Map Companies to their Acquisitions (wikipedia, en)

Description

This models allows you to, given an extracter ORG, retrieve all the parent / subsidiary /companies acquired and/or in the same group than it.

IMPORTANT: This requires an exact match as the name appears in Wikidata. If you are not sure the name is the same, pleas run finmapper_wikipedia_parentcompanies to normalize the company name first.

Predicted Entities

Copy S3 URI

How to use

documentAssembler = nlp.DocumentAssembler()\
        .setInputCol("text")\
        .setOutputCol("document")
        
sentenceDetector = nlp.SentenceDetector()\
        .setInputCols(["document"])\
        .setOutputCol("sentence")

tokenizer = nlp.Tokenizer()\
        .setInputCols(["sentence"])\
        .setOutputCol("token")

embeddings = nlp.BertEmbeddings.pretrained("bert_embeddings_sec_bert_base","en") \
        .setInputCols(["sentence", "token"]) \
        .setOutputCol("embeddings")

ner_model = finance.NerModel.pretrained('finner_orgs_prods_alias', 'en', 'finance/models')\
        .setInputCols(["sentence", "token", "embeddings"])\
        .setOutputCol("ner")

ner_converter = nlp.NerConverter()\
        .setInputCols(["sentence","token","ner"])\
        .setOutputCol("ner_chunk")

# Optional: To normalize the ORG name using Wikipedia data before the mapping
##########################################################################
chunkToDoc = nlp.Chunk2Doc()\
        .setInputCols("ner_chunk")\
        .setOutputCol("ner_chunk_doc")

chunk_embeddings = nlp.UniversalSentenceEncoder.pretrained("tfhub_use", "en") \
      .setInputCols("ner_chunk_doc") \
      .setOutputCol("sentence_embeddings")
    
use_er_model = finance.SentenceEntityResolverModel.pretrained("finel_wikipedia_parentcompanies", "en", "finance/models") \
      .setInputCols(["ner_chunk_doc", "sentence_embeddings"]) \
      .setOutputCol("normalized")\
      .setDistanceFunction("EUCLIDEAN")
##########################################################################

cm = finance.ChunkMapperModel()\
      .pretrained("finmapper_wikipedia_parentcompanies", "en", "finance/models")\
      .setInputCols(["normalized"])\ 
      .setOutputCol("mappings") # or ner_chunk for non normalized versions

nlpPipeline = nlp.Pipeline(stages=[
        documentAssembler,
        sentenceDetector,
        tokenizer,
        embeddings,
        ner_model,
        ner_converter,
        chunkToDoc,
        chunk_embeddings,
        use_er_model,
        cm
])

text = ["""Barclays is an American multinational bank which operates worldwide."""]

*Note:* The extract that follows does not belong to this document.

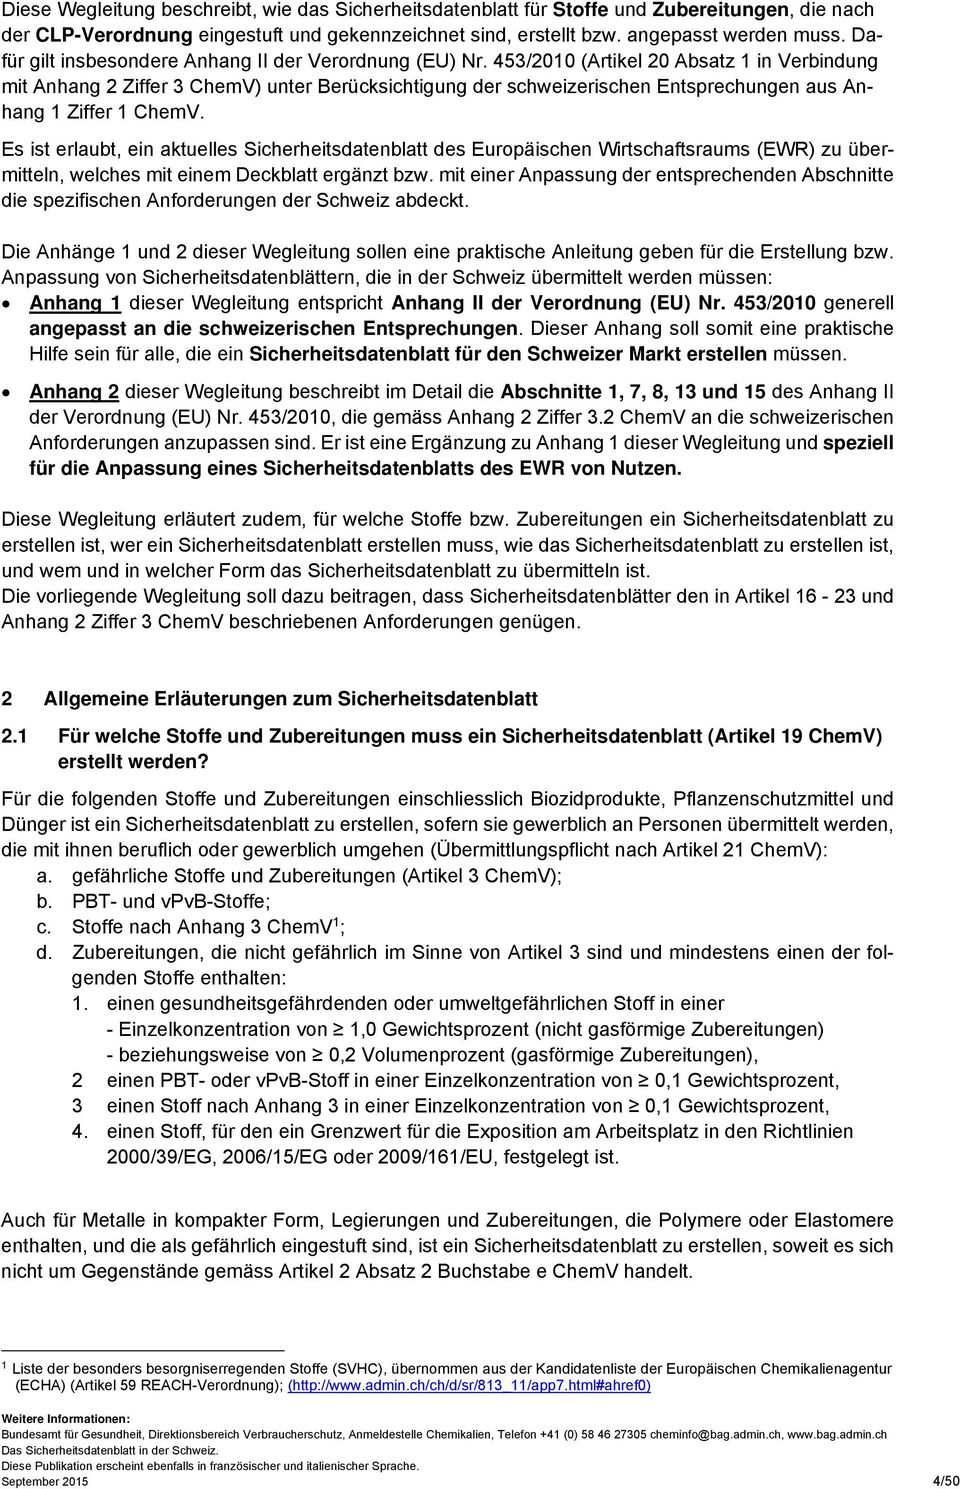 453/2010 (Artikel 20 Absatz 1 in Verbindung mit Anhang 2 Ziffer 3 ChemV) unter Berücksichtigung der schweizerischen Entsprechungen aus Anhang 1 Ziffer 1 ChemV.
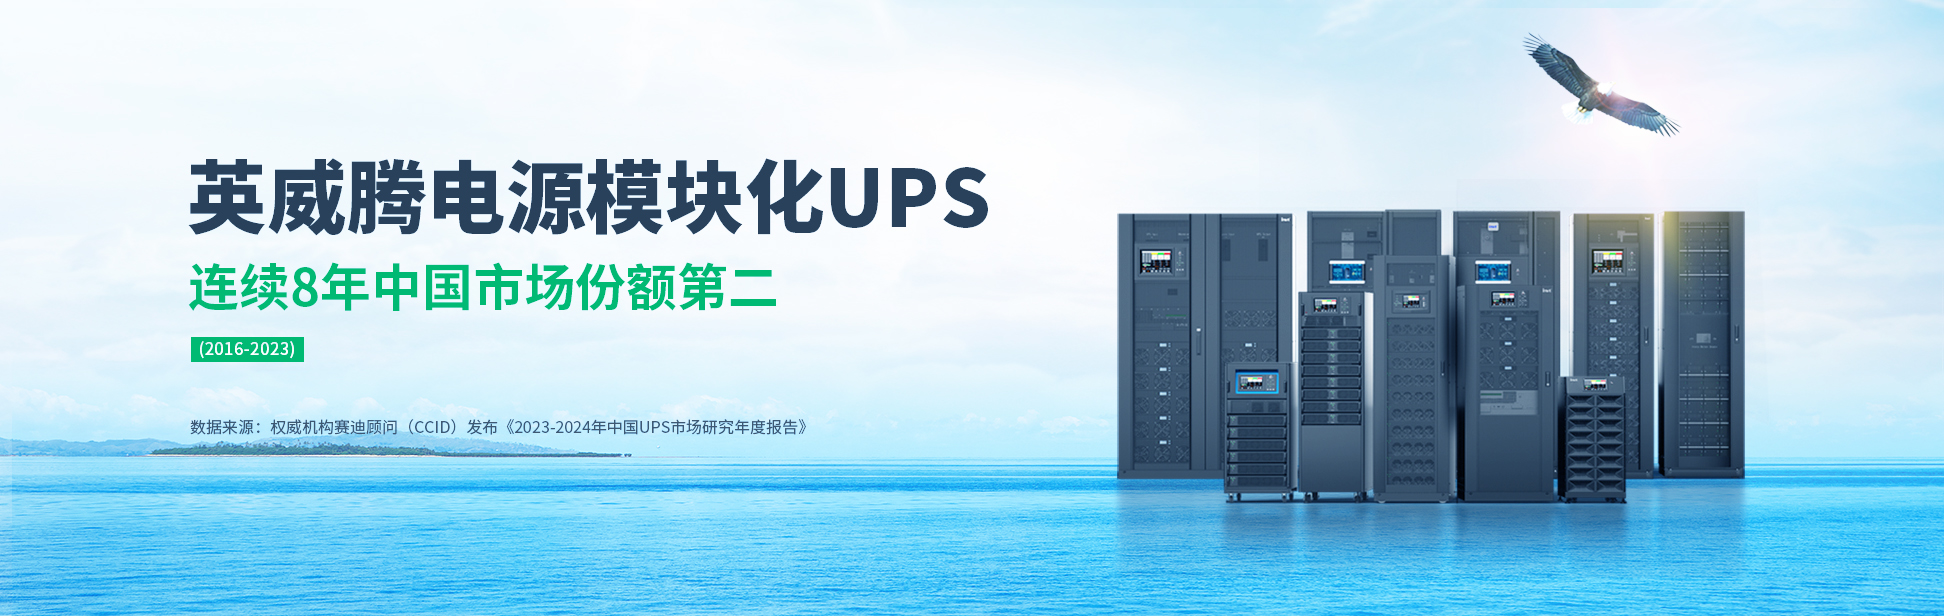 英威腾电源模块化UPS连续8年中国市场份额第二

test_data = spark.createDataFrame([text]).toDF("text")

model = nlpPipeline.fit(test_data)

lp = nlp.LightPipeline(model)

lp.annotate(text)

Results

{'mappings': ['https://www.wikidata.org/entity/Q245343',
   'Barclays@en-ca',
   'https://www.wikidata.org/prop/direct/P355',
   'is_parent_of',
   'London Stock Exchange@en',
   'BARC',
   'בנק ברקליס@he',
   'https://www.wikidata.org/entity/Q29488227'],
...

Model Information

Model Name: finmapper_wikipedia_parentcompanies
Compatibility: Finance NLP 1.0.0+
License: Licensed
Edition: Official
Input Labels: [ner_chunk]
Output Labels: [mappings]
Language: en
Size: 852.6 KB

References

Wikidata